Вот тогда и состоялось его знакомство с главным книгочеем страны и тайным советником по печати полковником Бекиным Дорофеем Игнатьевичем.
Бенкендорф Второй произвёл на Ивана неизгладимое впечатление. Знаток и оценщик отечественной литературы восседал под портретом «железного» Феликса, но искусно исполненном, что оставляло надежду, что это всё-таки неистовый Виссарион Белинский. Да и никакой там стратегической карты родины ко всему в кабинете полковника не было, что в совокупности говорило о небрежении хозяина к переменчивости партийных династий и нежелании передвигать флажки — пыль верстовую в глаза пускать. Служение муз не терпит суеты. И вместо флажков, намекавших на необъятность Сибири, или каких других пыточных приспособлений на столе полковника по делу лежали две «Антоновки»: Лондонская — бумажная, и Парижская — крепенькая, в жёстком переплёте. Ну и сверх того, чуть поодаль — какая-то рукодельщина с нервной, видать, от автора дарственной надписью, где что ни буква — кривой подскок.
«Наверное, что-нибудь вроде “На вечную память! Я больше не буду!”» — подумал про дарственную Иван, наслышанный краем о трюизме полковника: «Не продается вдохновенье, как залежалое печенье: его отвергло население…» Дальше Иван не помнил.
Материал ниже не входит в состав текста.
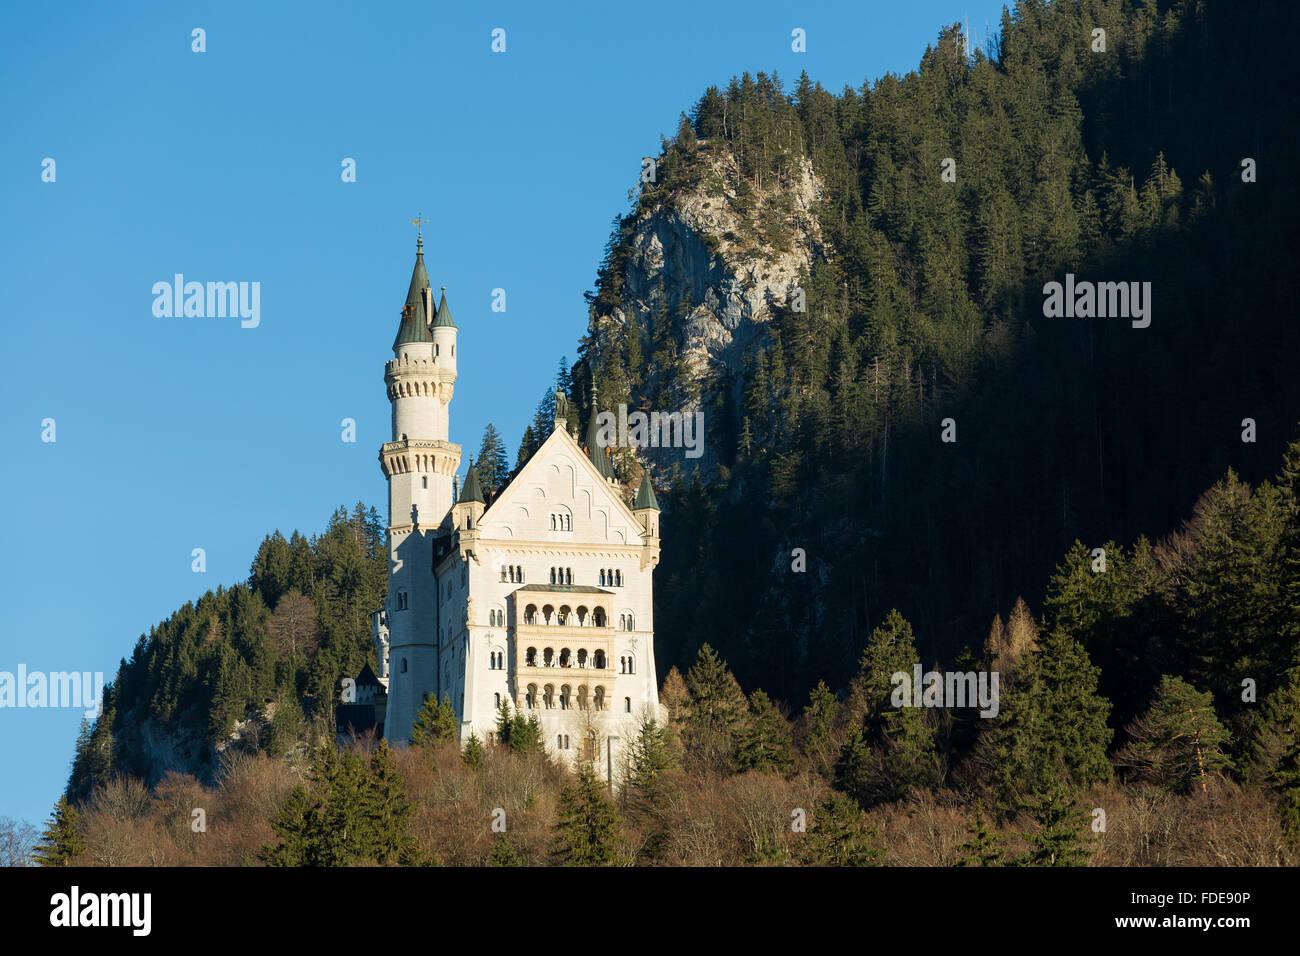 Castle Neuschwanstein near Füssen, Bavaria, Germany Stock Photo
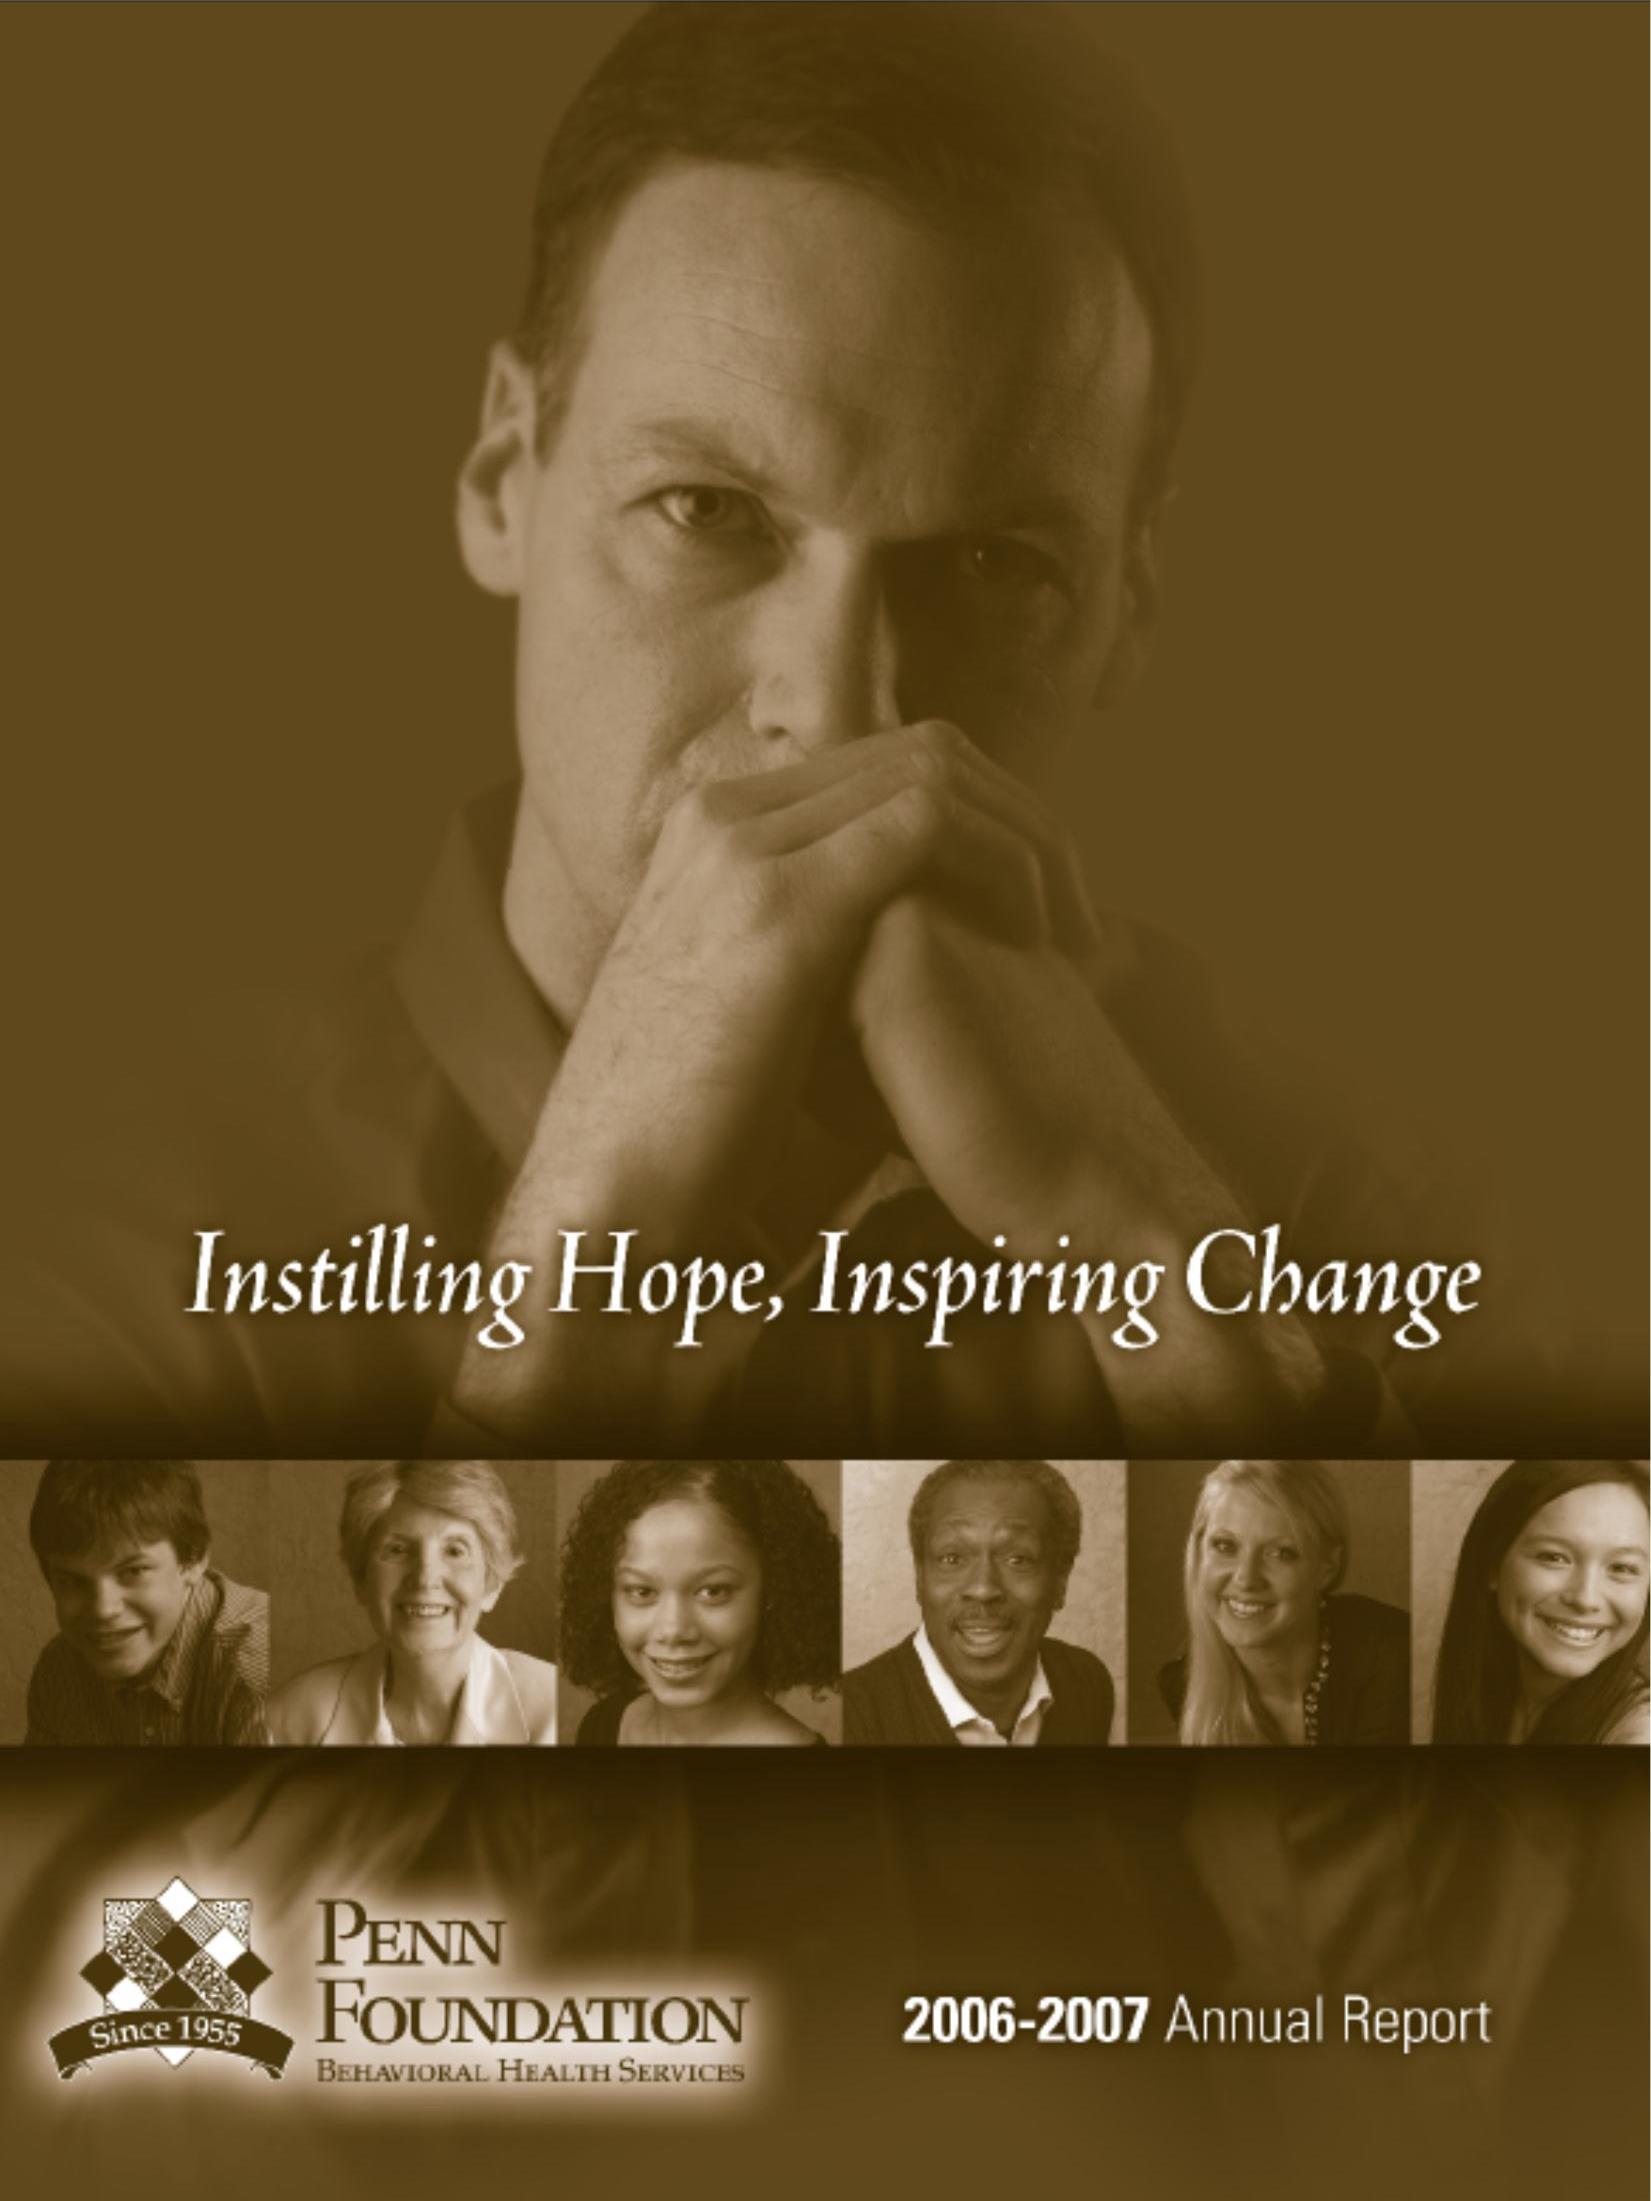 2007 Annual Report Cover

Ни осанкой, ни ростом, надо сказать, новый Бенкендорф не вышел и потому в беседе предпочитал не вставать, даже когда стремился к внушению и гневался. Да и гневался он как-то своеобычно: седой, заострённый кок на его голове сохранял спокойствие парика, округлое с розовинкой лицо добродушничало, зато в прицельных, светлых глазах отчётливо возникали перескопические крестики. И от крестиков этих мишень делалась неподвижной, соображала: «не ускользнёшь!» Но особенно удивляла их управляемость невидимым рычажком. Крестики то возникали, то исчезали, с чего и настенный портрет себя соответственно вёл — становился то Феликсом, то Виссарионом.
— Нуте-с, — поприветствовал он под Белинского, — мы с вами в партнёрстве, кажется, молодой человек?
И посмотрел на Ивана как на весьма любопытный и для кунсткамеры годный предмет.
— Ну, это вряд ли, — мрачновато сказал Иван, опасаясь предложения «посотрудничать»: других партнёрств Лубянка не признаёт.
— Не вряд ли, а так и есть, — миролюбиво молвил Дорофей Игнатьевич. — Мы удивлены вашим вызовом, а вы — нашим. Конечно, взявши старую льготу, вы скажете «Сын, в смысле — автор, за редакцию не отвечает, пуля без ружья не летит». Однако раз в год и кочерга стреляет… или в два… в зависимости от способностей. Как у вас со способностями?
Иван пожал неопределённо плечами, и Белинскому это совсем не понравилось, лицо насмешливо искривилось и потемнело.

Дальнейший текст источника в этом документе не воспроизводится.